## ASSIGNMENT
When you transcribe the listing that follows, keep every line exact and omit the pictures.

## GIVEN MATERIAL
┌──
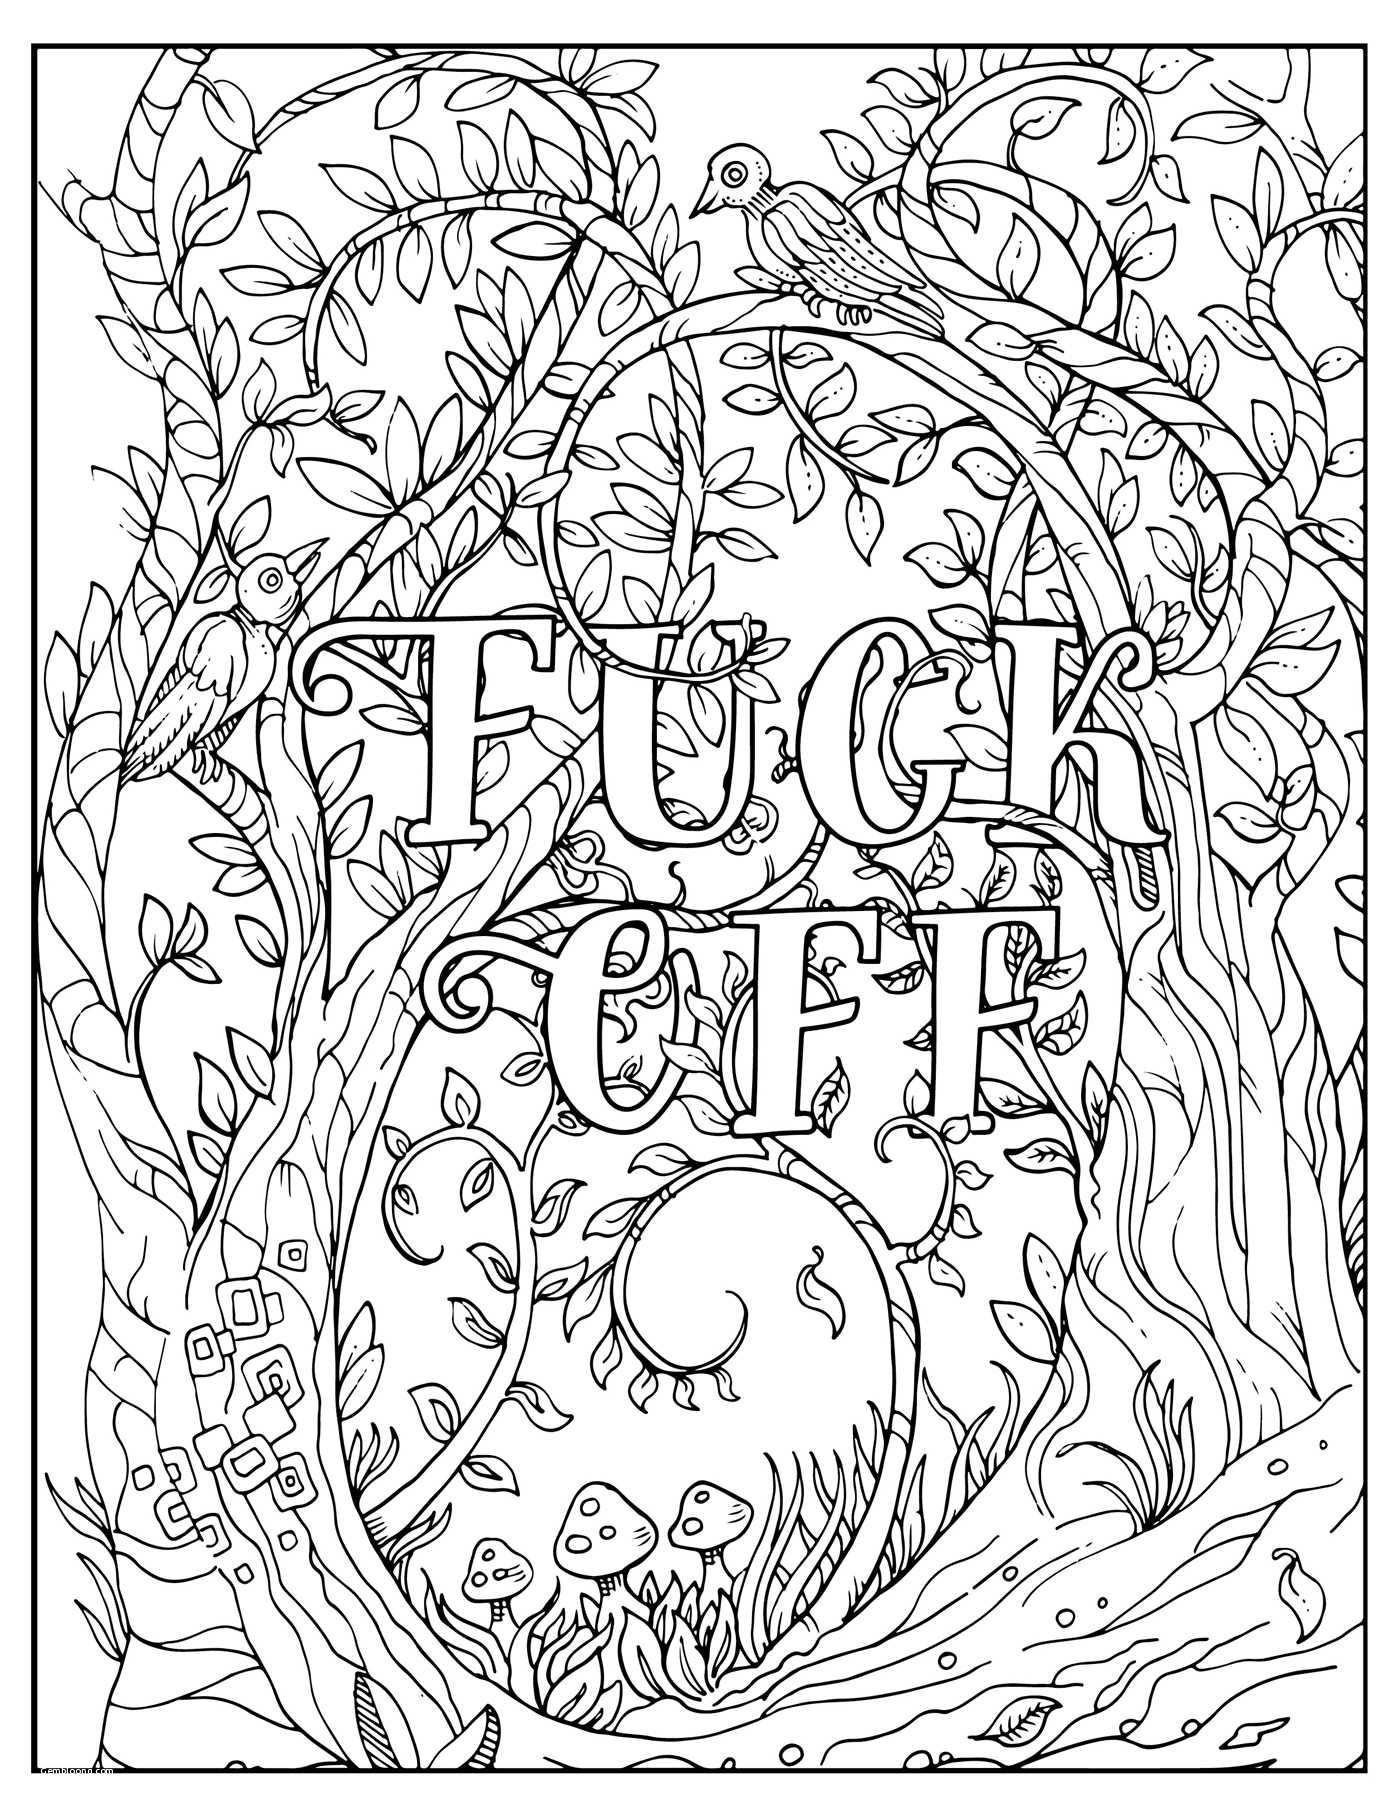 Adult Coloring Pages Curse Words
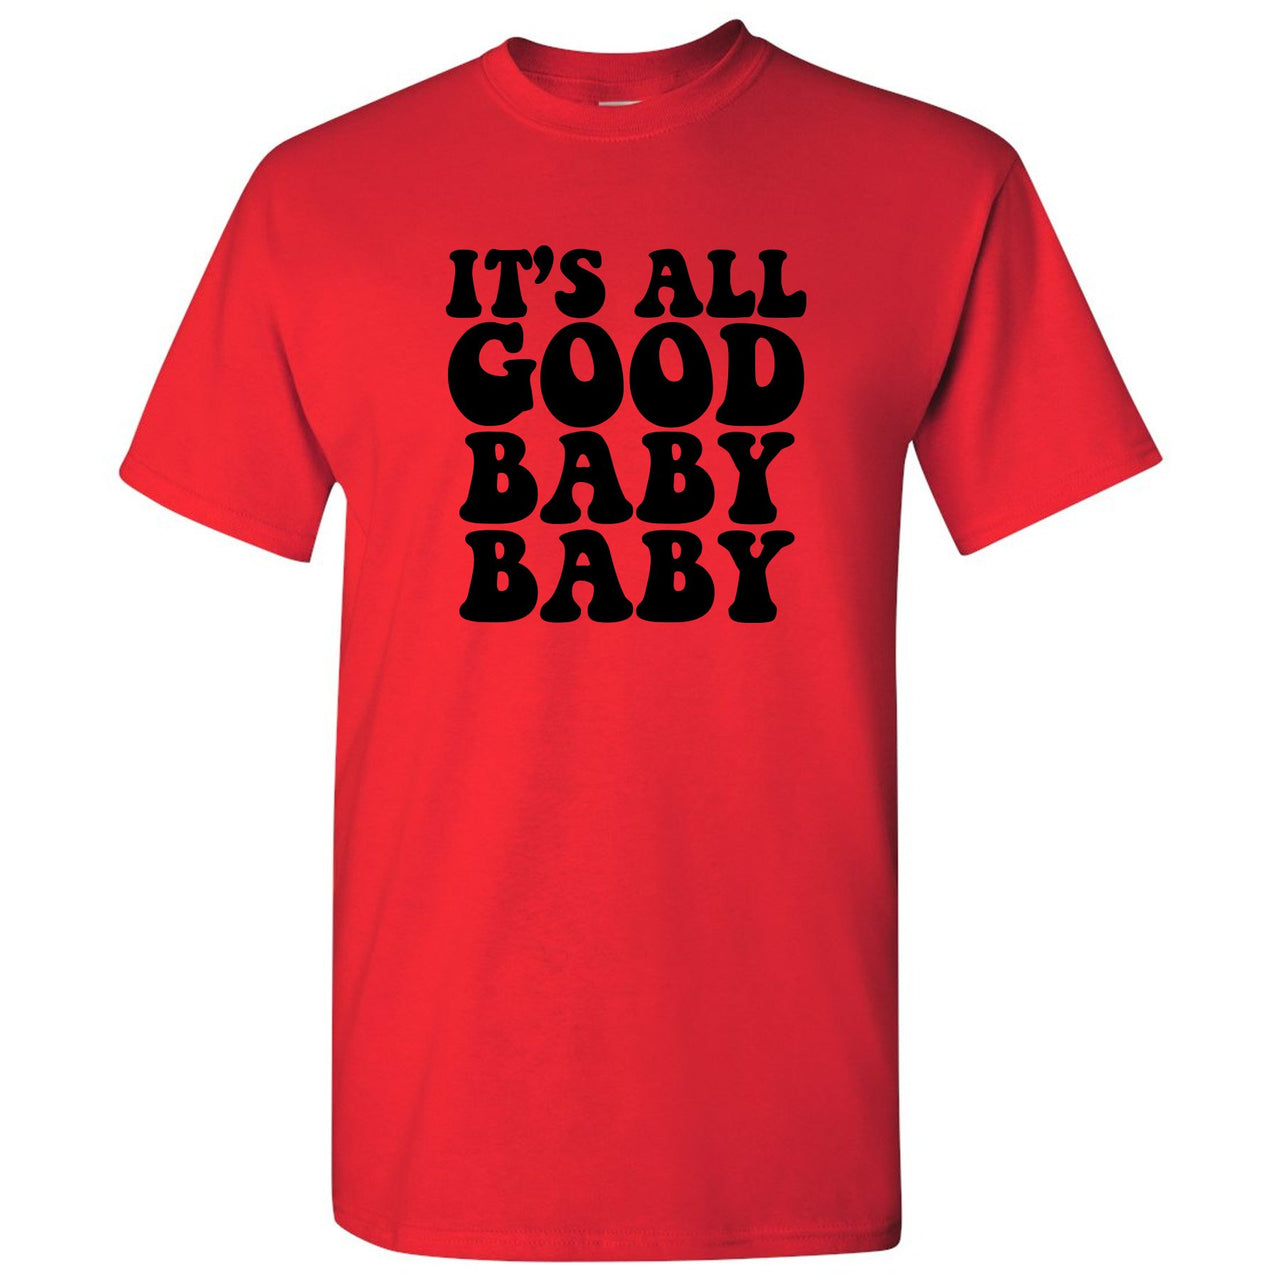 Reflections of a Champion 7s T Shirt | It's All Good Baby Baby, Red
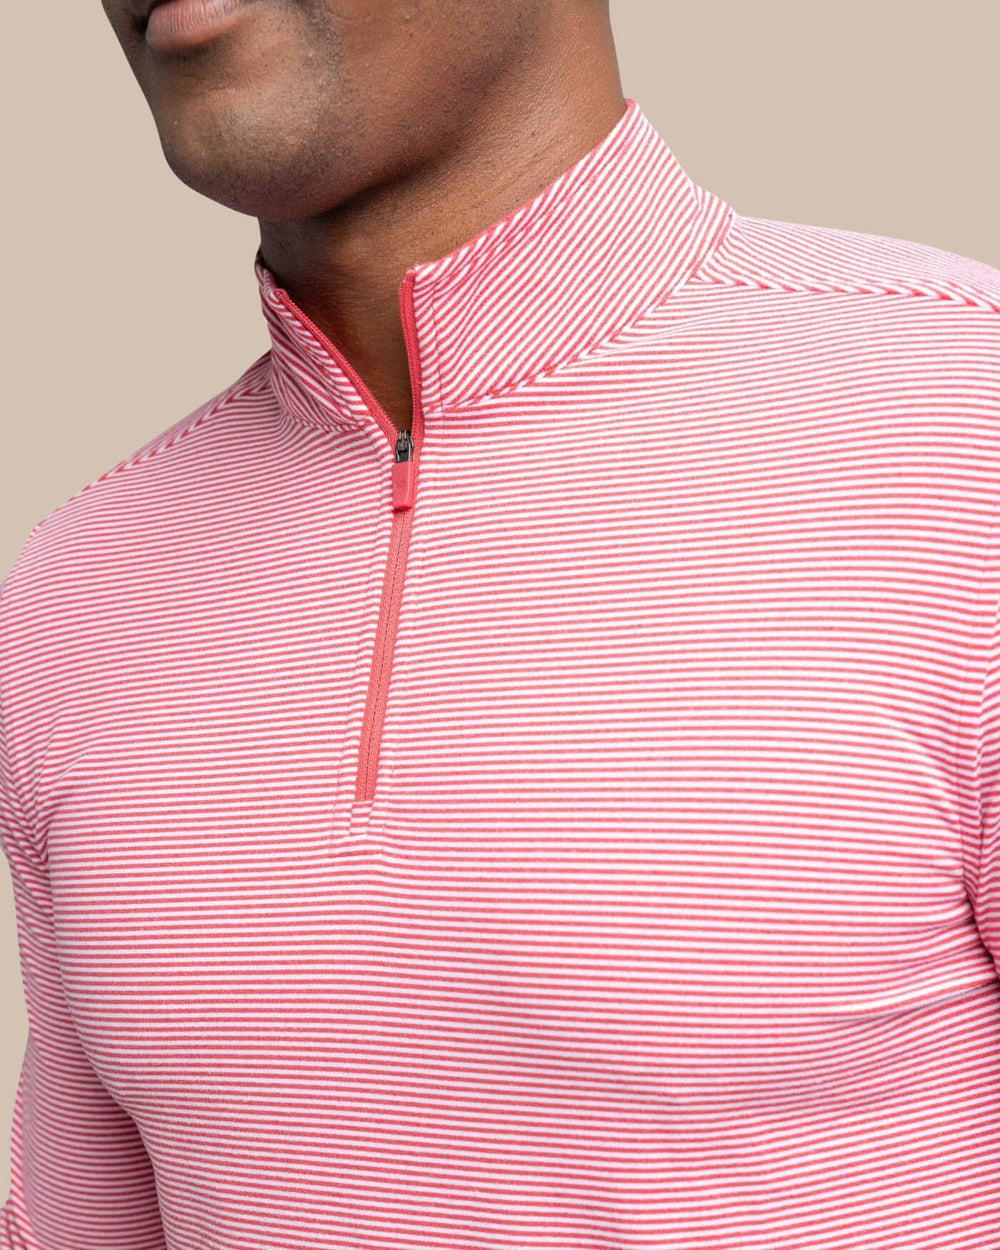 The detail view of the Southern Tide Cruiser Micro-Stripe Heather Quarter Zip by Southern Tide - Heather Varsity Red
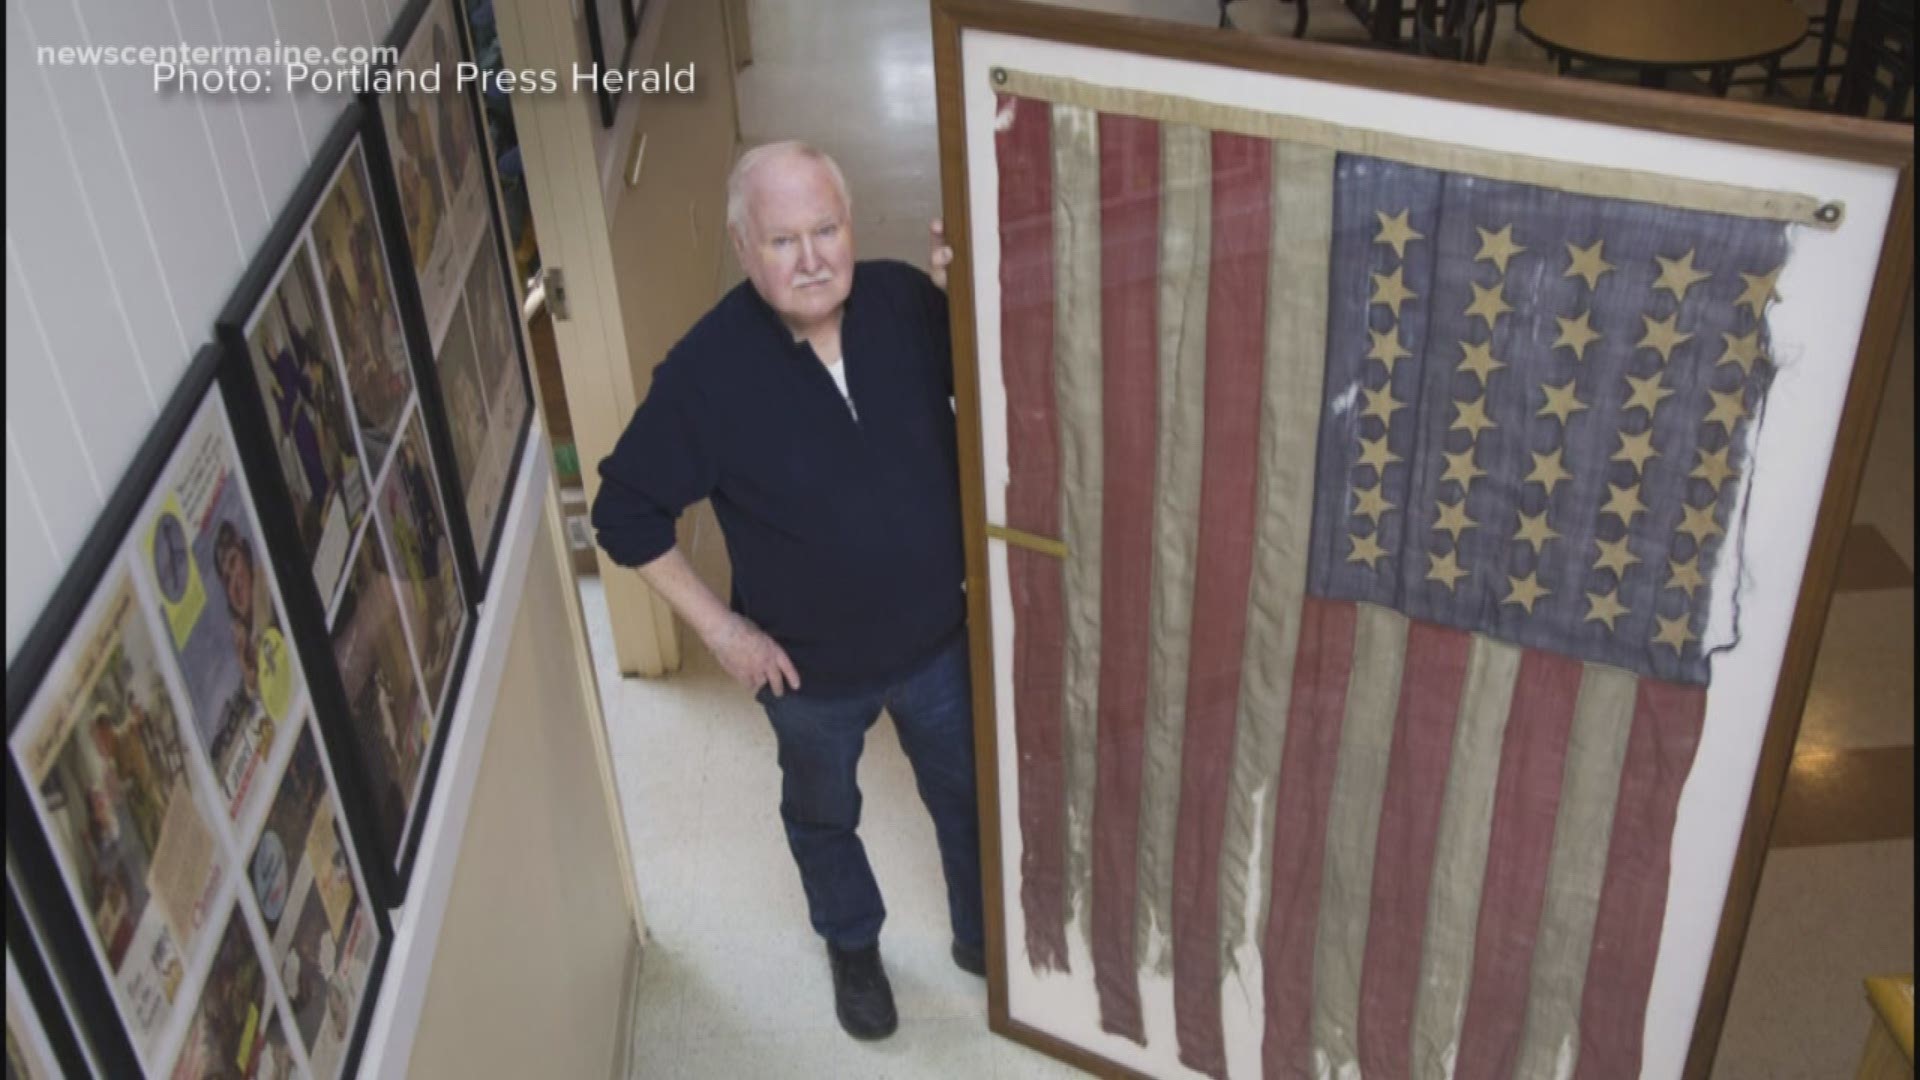 A flag carried by a Maine regiment in the Civil War will be on display at the Maine Military Museum in South Portland.
└──
## OUTPUT OF THE EXERCISE
 Adult Coloring Pages Curse Words
 Reflections of a Champion 7s T Shirt | It's All Good Baby Baby, Red
 The detail view of the Southern Tide Cruiser Micro-Stripe Heather Quarter Zip by Southern Tide - Heather Varsity Red
 A flag carried by a Maine regiment in the Civil War will be on display at the Maine Military Museum in South Portland.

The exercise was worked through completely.